Graz Austria

The second largest city in Austria after Vienna, Graz is an ideal blend of old and new. It is found in southeastern Austria, and is the capital of the Austrian state, Styria. Graz travel is ideal for a number of reasons, and the city really makes for an excellent travel base in the region. When you're not exploring Old Town Graz, which is a UNESCO World Heritage Site, trips to the outlying countryside are a great way to spend some of your Graz travel time. Arnold Schwarzenegger was born in the nearby village of Thal, which will pique the interest of some tourists. If you're lucky during your Graz Austria visit, you'll get a chance to enjoy a Graz festival, which will only add some extra flavor to your trip. Graz is definitely worth a visit when in Austria, and the fact that it is well linked to other Austrian cities by rail makes it an even more attractive stop on your Austria itinerary.

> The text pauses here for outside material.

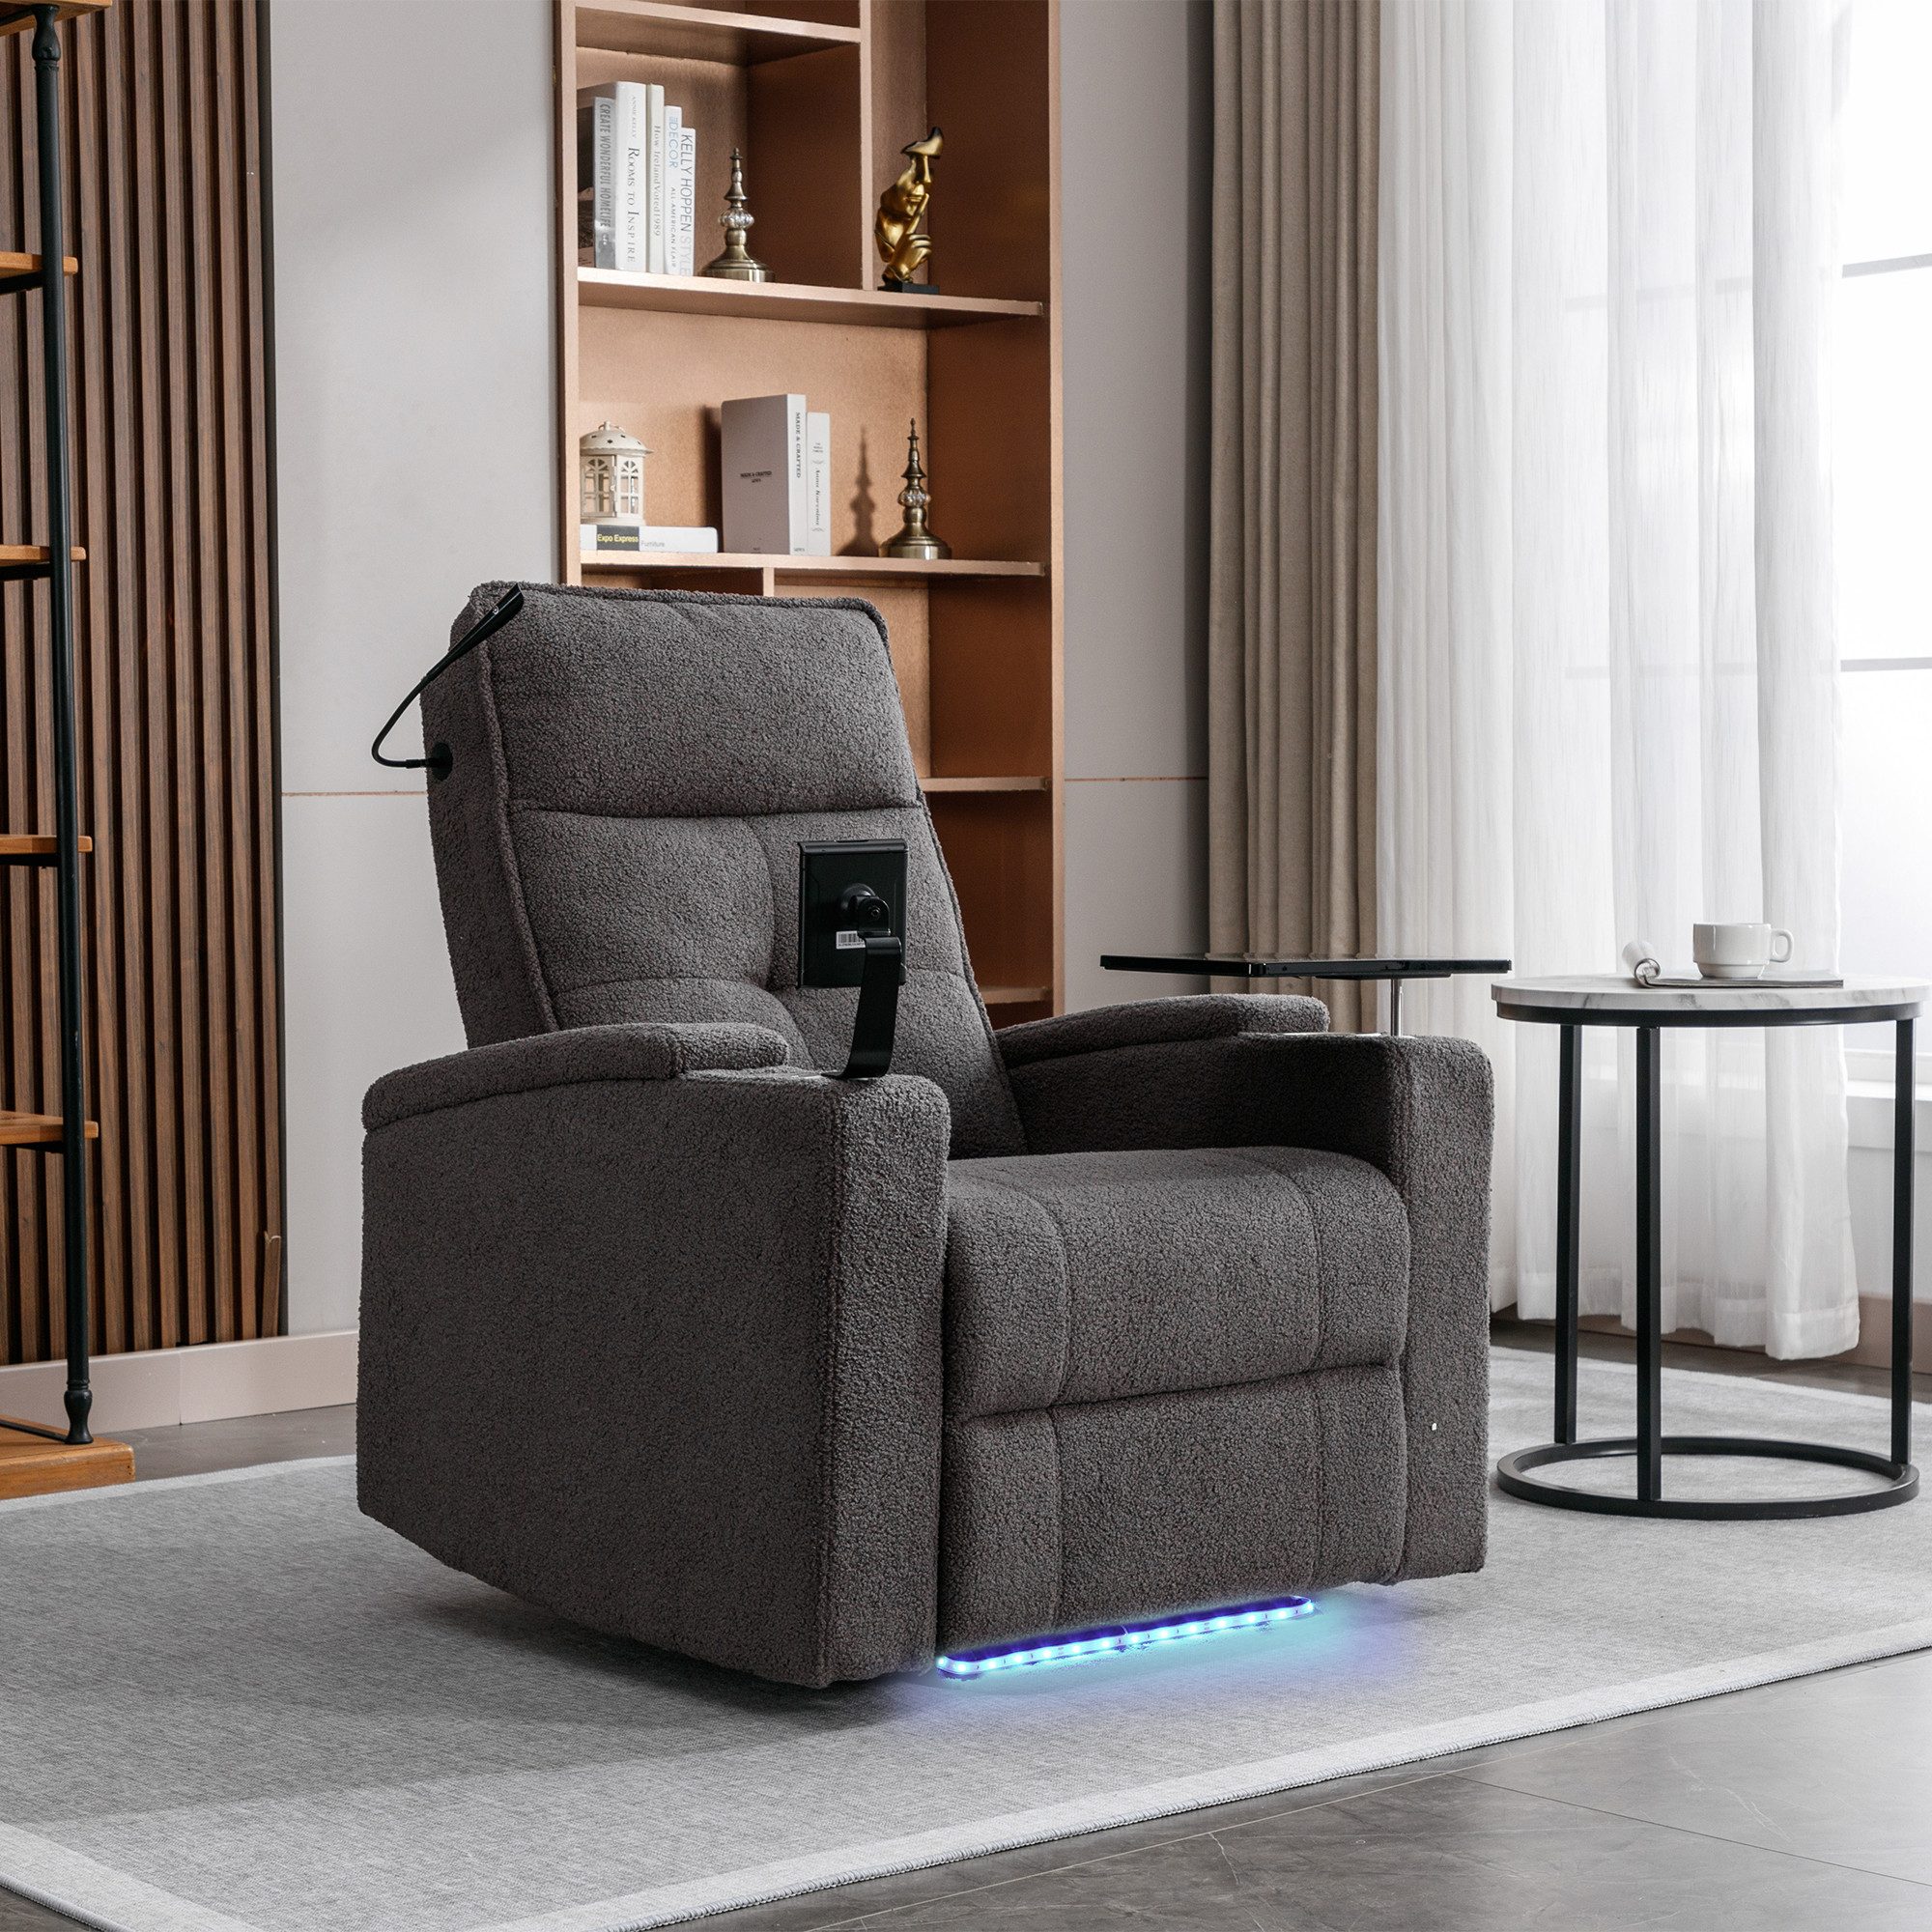 TavilaEcon Relaxsessel LED elektrischer Liegestuhl TV-Sessel mit USB-Ladeanschluss, 360 drehbarer Tabletttisch/Handyhalter,Getränkehalter

Graz has come quite a long way since first being officially settled in the Middle Ages, and its rich mix of architectural styles surely gives testament to its comprehensive history. During the rule of the Roman Empire, Graz was the site of a small fort, which graced the Schlossberg Graz hill in the middle of the city. When Slavic peoples moved into Graz later on, they erected a larger fortress on the same hill. This castle would eventually be the influence for the city's name. Gradec in Slovene means castle, and the same word translated to German is Graz. The name Graz was first applied by the German Babenberg Dynasty in the year 1128. The Babenbergs ruled Austria between 976 and 1248, eventually ceding power to the Habsburg Dynasty. The Habsburgs would erect their own, larger castle on the hill, though only part of it remains to this day. The Schlossberg Graz castle was ordered to be destroyed in 1809 by Napoleon after he defeated Austria in the Battle of Wagram. All that survived was the Uhrturm (Clock Tower) and the bell tower. The surviving Clock Tower is today the symbol of Graz. It was saved by the city's citizens, who paid a hefty sum to France to spare their beloved symbol.

In 2003, Graz Austria was designated by the European Union as The European Capital of Culture. This gave Graz the chance to really show of its attractions. Among the main Graz attractions that visitors won't want to miss is the Schlossberg Graz hill, which is quite akin to Lykavittos Hill in Athens, Greece. There is a cable car (funicular) that takes visitors to the top of the hill, and if you're up for it, you can climb the winding stairs instead. A lovely park with southern plants was established here in the late 1800s, and there is also a restaurant at the top of the hill where you can enjoy a meal and some great views of the surrounding city. Between the months of May and October, guided tours of the hill are offered, and in the summer months, the hill is the site for a bunch of concerts. As for the southern plants found on the hill, Graz Austria enjoys a relatively Mediterranean climate due to its location in a "bowl" south of the Austrian Alps. There are plants all over the city and outlying region that are typically found south of Austria, which is a neat point of curiosity.

Graz's Old Town is a definite must-visit when enjoying Graz travel, and thankfully, much of it was spared during the WWII Allied bombing campaigns. It's a great idea to take tours of Graz's Old Town whether it is guided or not. You can start in the main square (Hauptplatz), which is surrounded by old houses, the most notable of which is the seventeenth century House of Luegg. While exploring Old Town Graz, it's worth it to head over to Herrengasse Street, where the Landhaus is found. The Landhaus is an ornate Renaissance palace that once served as the seat of the regional government. It was designed by the Italian architect, Domenico dell'Allio, who began work on the gem in 1557. A stunning arcaded courtyard awaits visitors at the Landhaus, and the building overall is just something to behold whether you tour it or just gawk at it from the other side of the street.

Though it's not open to visitors, as it serves as the provincial government seat for Styria, the Burg is a notable structure that you will hardly miss when visiting Graz Austria. Originally a castle that dates back to 1499, it was built for Maximilian I, who was then Emperor of the Holy Roman Empire. Today, the Burg is home to government offices, and though it's not open to visitors to fully explore, the concierge often allows visitors in to admire the medieval winding staircase, which is truly impressive. Not all of the Graz attractions are historical ones, however, and attractions in general don't get much more modern than the Kunsthaus, which is the most recognizable Graz museum. Set on the banks of the River Mur, this blue blob of a structure is home to a great collection of modern art. Whether or not you appreciate the innovative design of the Kunsthaus is something else.

As a side note, you'll want to pick up a brochure of Graz attractions once you arrive in town. You can pick these brochures up at the main train station or at any number of Graz hotels.